May 18 – Discovery of Uranus’ Moon, Perdita.

This discovery was slightly unusual, as the photograph used to discover Perdita was taken in 1986 by Voyager 2, but the tiny moon wasn’t noticed until 1999, which therefore goes down as the year of discovery.  Following this, it wasn’t possible to verify Perdita’s existence, so it was stripped of the title “moon” by the International Astronomical Union until the Hubble telescope picked it up in 2003.

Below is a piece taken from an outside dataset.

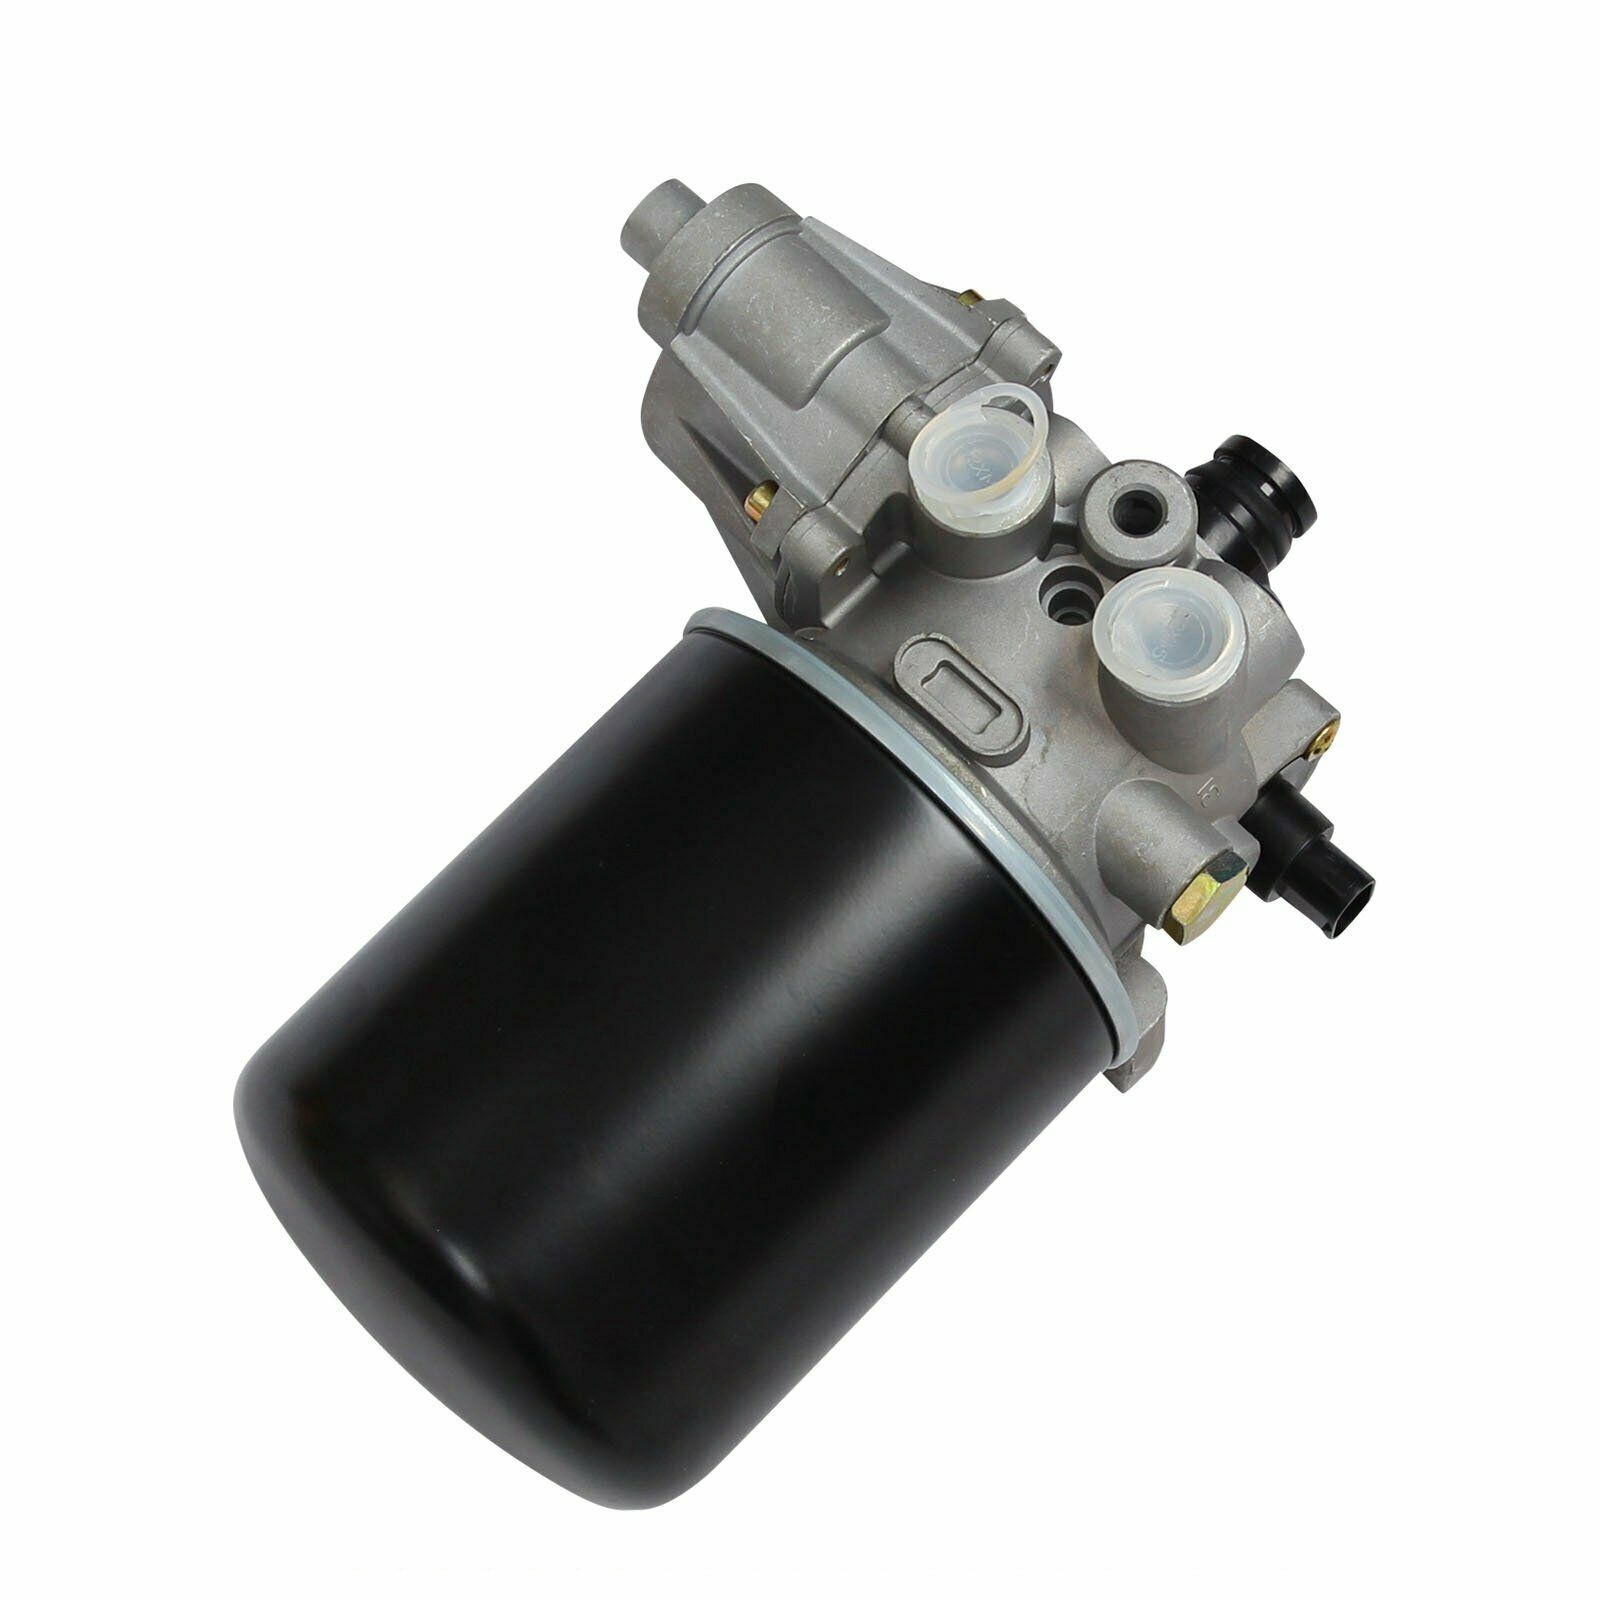 R955205 REPLACES MERITOR WABCO SYSTEM SAVER 1200 SERIES AIR DRYER ASSEMBLY

The name Perdita is an inspired choice.  All the moons of Uranus are named after characters from the plays of William Shakespeare or The Rape of the Lock by Alexander Pope.  Perdita, daughter of Laontes in The Winter’s Tale, has a name meaning “lost”.  She grows up believing she is a poor shepherd’s daughter, only to find out later that she is a princess.

Engraving of Florizel, Prince of Bohemia, and Perdita, by Charles Robert Leslie.

Despite being just 33km wide, Perdita is by no means the smallest of Uranus’ moons.  Indeed she is quite large compared to some of the most recent discoveries.  Mab, for example, is only 25km in diameter, Fransisco 22km, and Trinculo and Cupid both a teeny 18km.


1895  —  Asteroid 403 Cyane discovered.

1912  —  Asteroid 758 Mancunia discovered.

1969  —  Apollo 10 launched.

1991  —  Helen Sharman becomes the first Briton in space.